By Cicely Fox Smith, from SHIP MODELS by Cicely Fox Smith,
published by Conway Maritime Press in 1972. p. 87
from an original Country Life publication of 1951.
Adapted by Charlie Ipcar 8/2/07
Tune: after Old Orange Flute

A Ship in a Bottle

C-------------------------------------G------------C
In a sailormen's restaurant down Rotherhithe way,
-------------------------Am--------------G------------G7
Where the din of the docksides rings loud all the day,
--F----------------C-----------F--------------C
A-mong the stale odours of hot food and cold,,
------------------------------G-------------C
In a fly-spotted window I there did be-hold;
---------------------------F
A ship in a bottle some sailor had made
------C------------------------------G----------------G7
In his watches be-low, swinging South with the Trade;
--F--------C---------F---------C
A ship in a bottle a-sailing a-way,
----------------Am---------------G--------------C
In flying-fish weather through rainbows of spray –

Chorus:

C---------------------F
A ship in a bottle a-sailing away,
---C-------------------------------G-------------G7
In flying-fish weather through rainbows of spray,
------F----------C------------F-------------C
Over oceans of wonder by headlands a-gleam,
----------------------Am-----------G----------C
To the harbours of youth on the wind of a dream!

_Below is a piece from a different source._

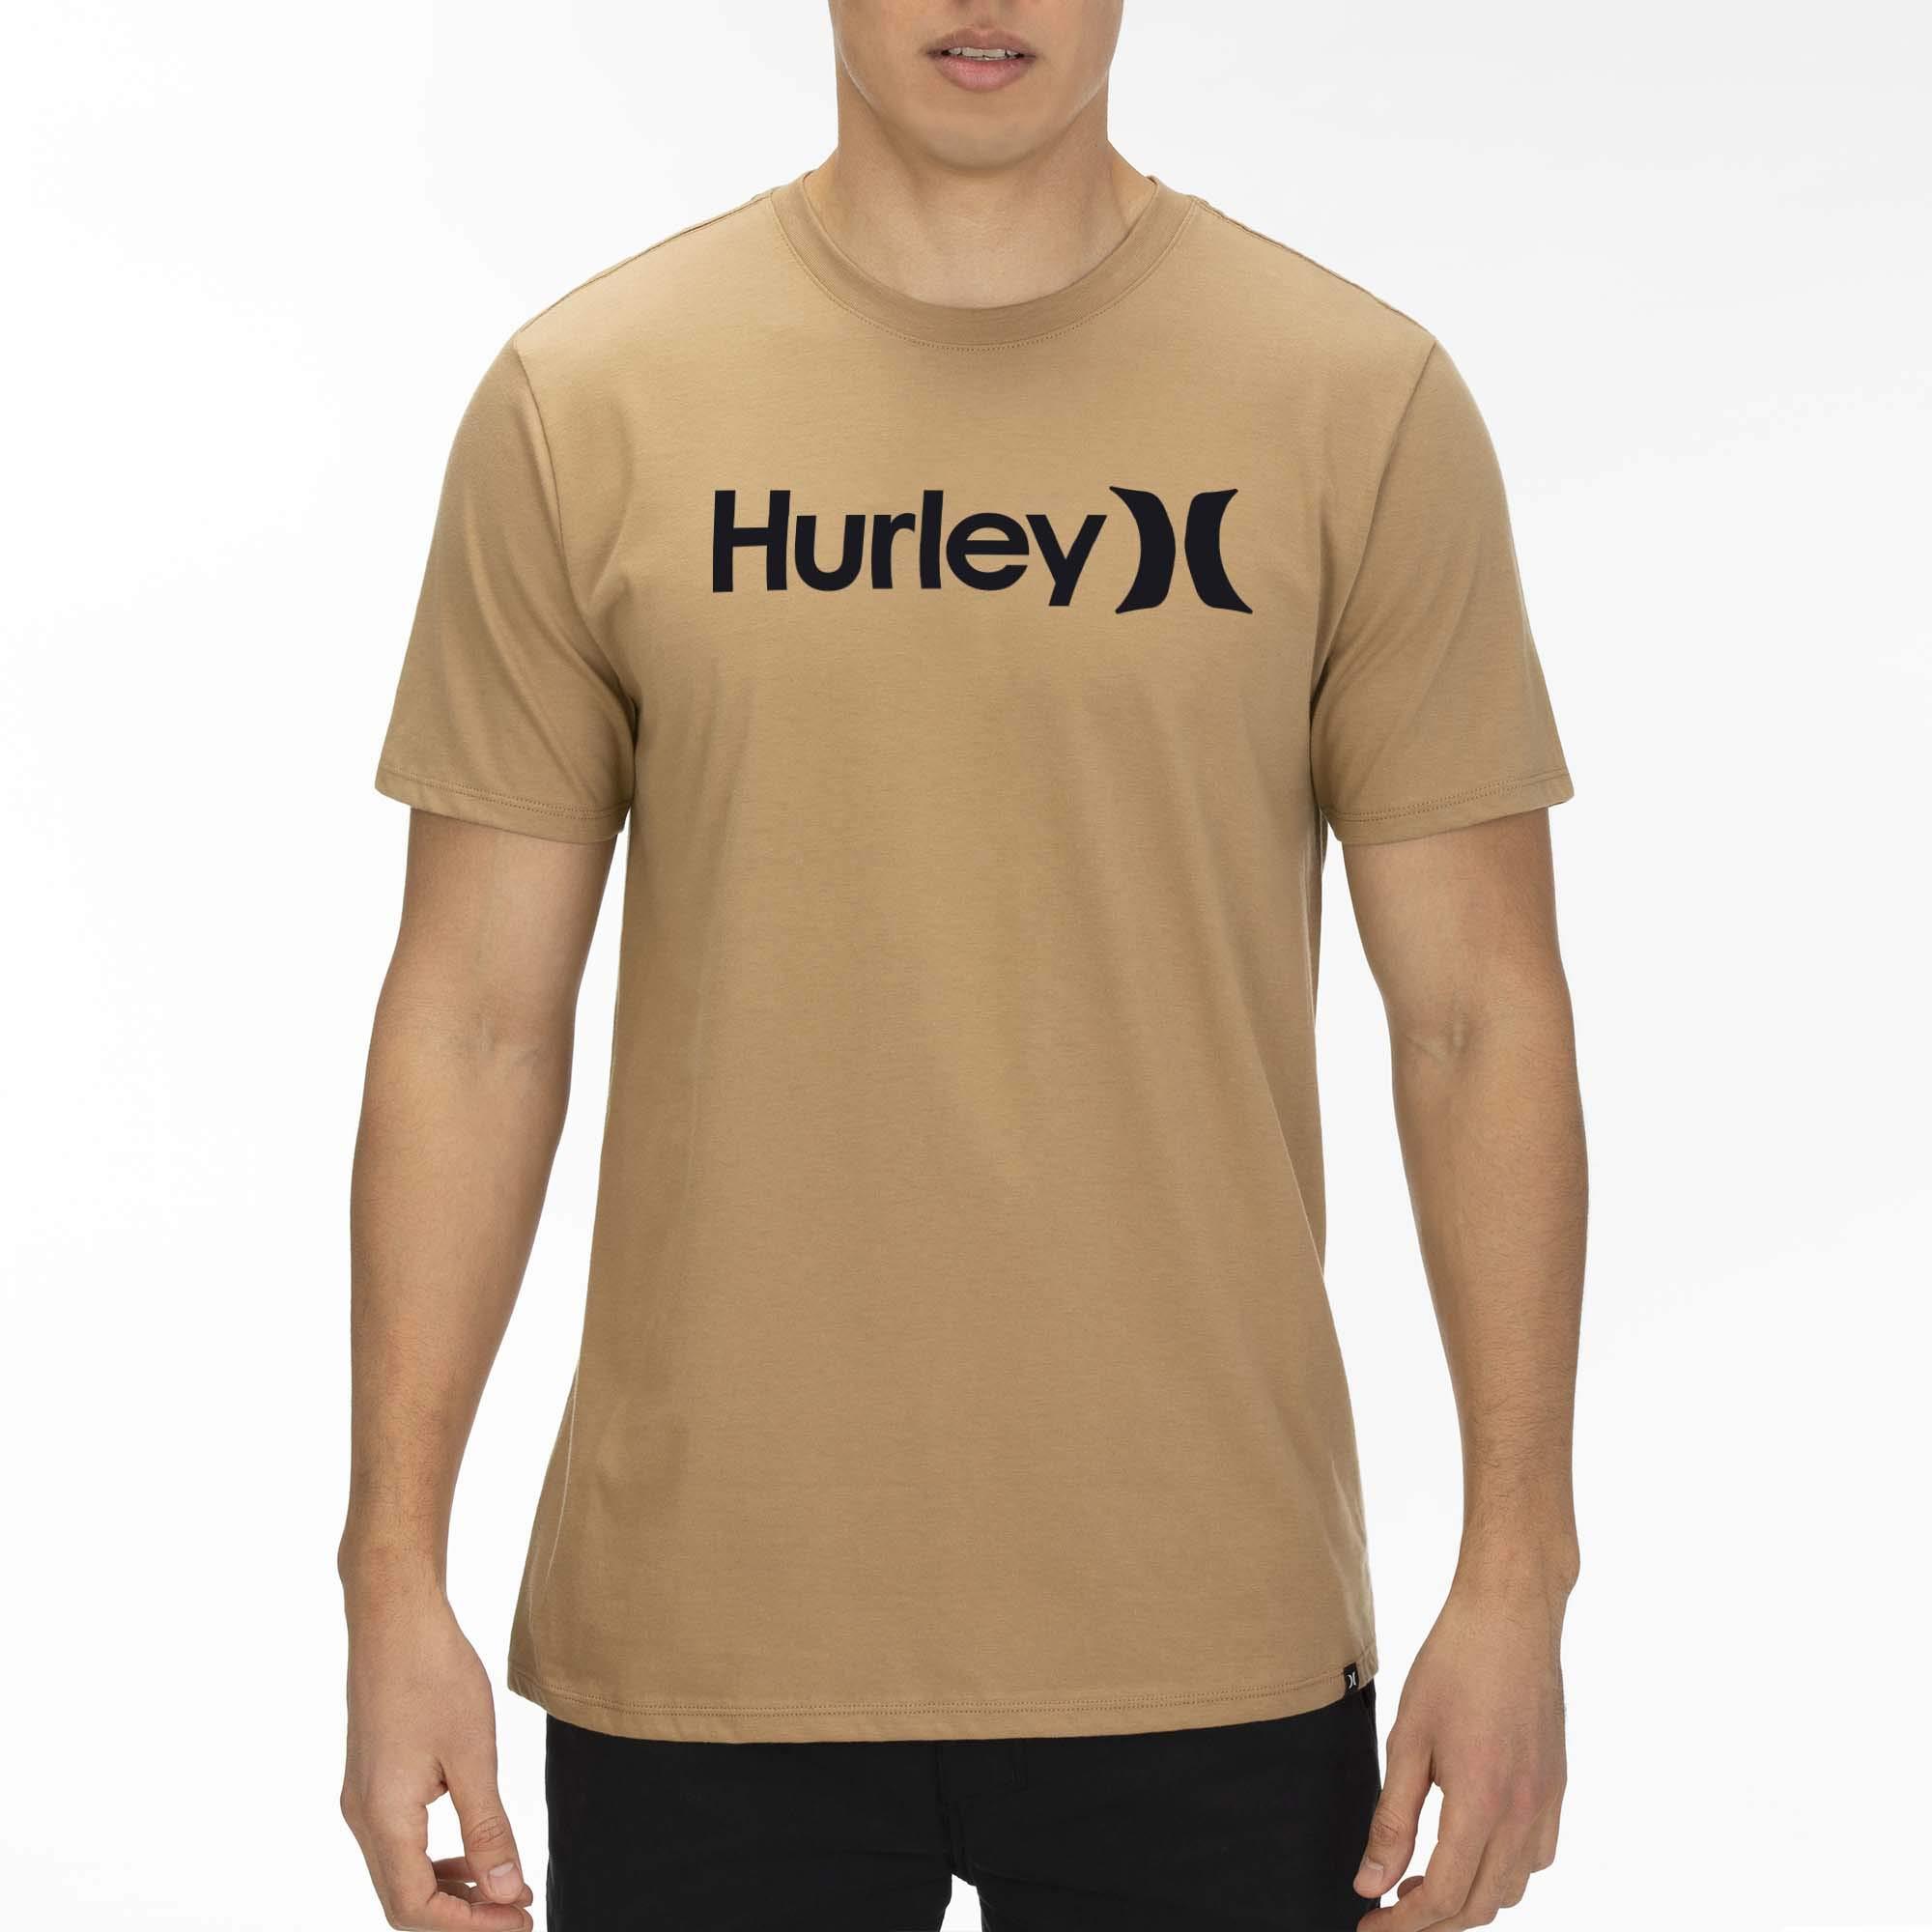 Hurley Men's Premium Short Sleeve Logo Tshirt, BEECHTREE/(Black), S

In fancy I saw him all weathered and browned,
Deep crows'-feet and wrinkles his eyelids around,
A pipe in his teeth that seemed little the worse
For Liverpool hardtack and stringy salt horse –
The hairy forearm with its gaudy tattoo
Of a bold-looking female in scarlet and blue –
The fingers all roughened, toughened and scarred,
With hauling and hoisting, so calloused and hard. (Chorus)

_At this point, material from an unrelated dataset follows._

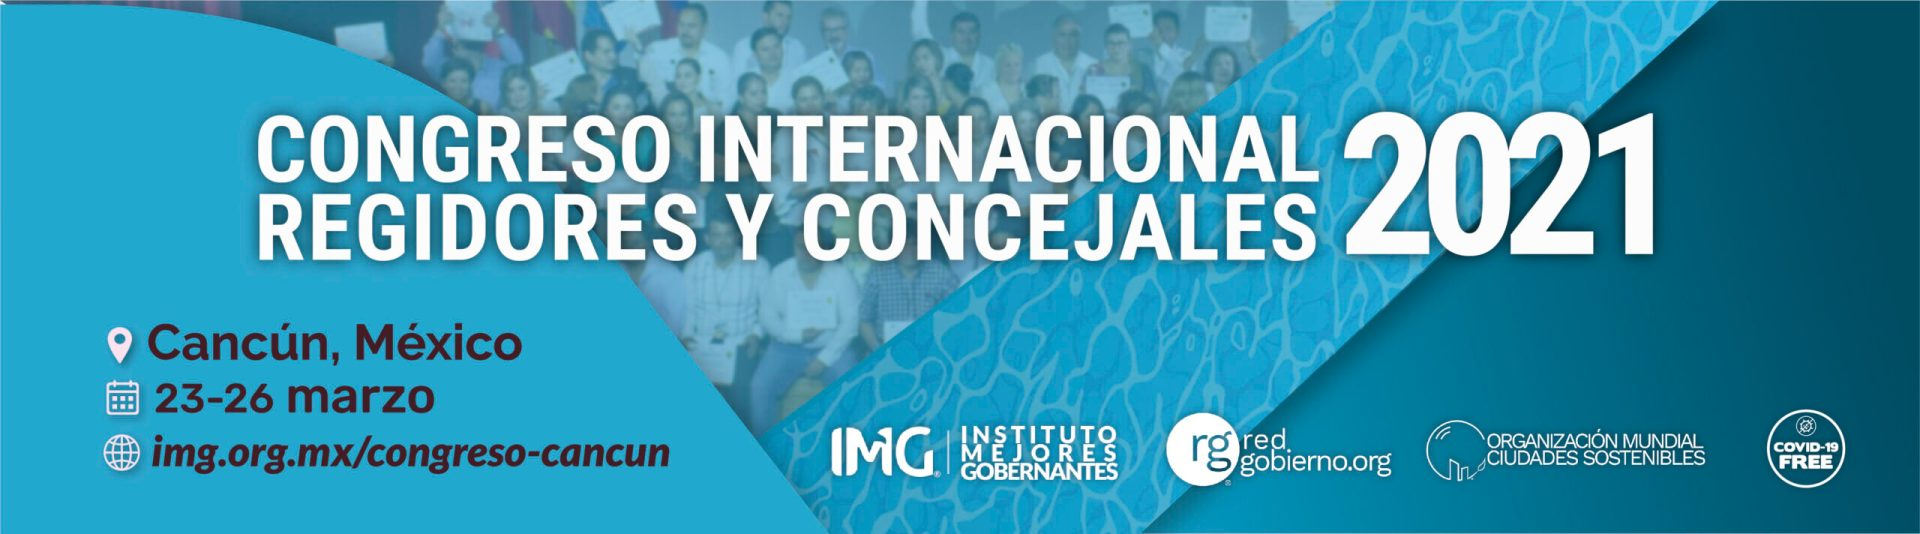 Congreso Internacional Regidores y Concejales Marzo 2021 - Instituto Mejores Gobernantes AC

A tiny full-rigger predestined to ride
To its cable of thread on its green-painted tide –
In its wine-bottle world while the old world rolled on,
Tho' the sailor who made it was long ago gone;
In fancy I listened, in fancy could hear
The thrum of the shrouds and the creak of the gear;
I thought of my youth with its pleasure and pain,
And the shipmate I loved was beside me again –
(Chorus)

The major change is getting rid of lines 3 and 4 which distract from the flow of the poem and ending that verse with the lines that begin the chorus.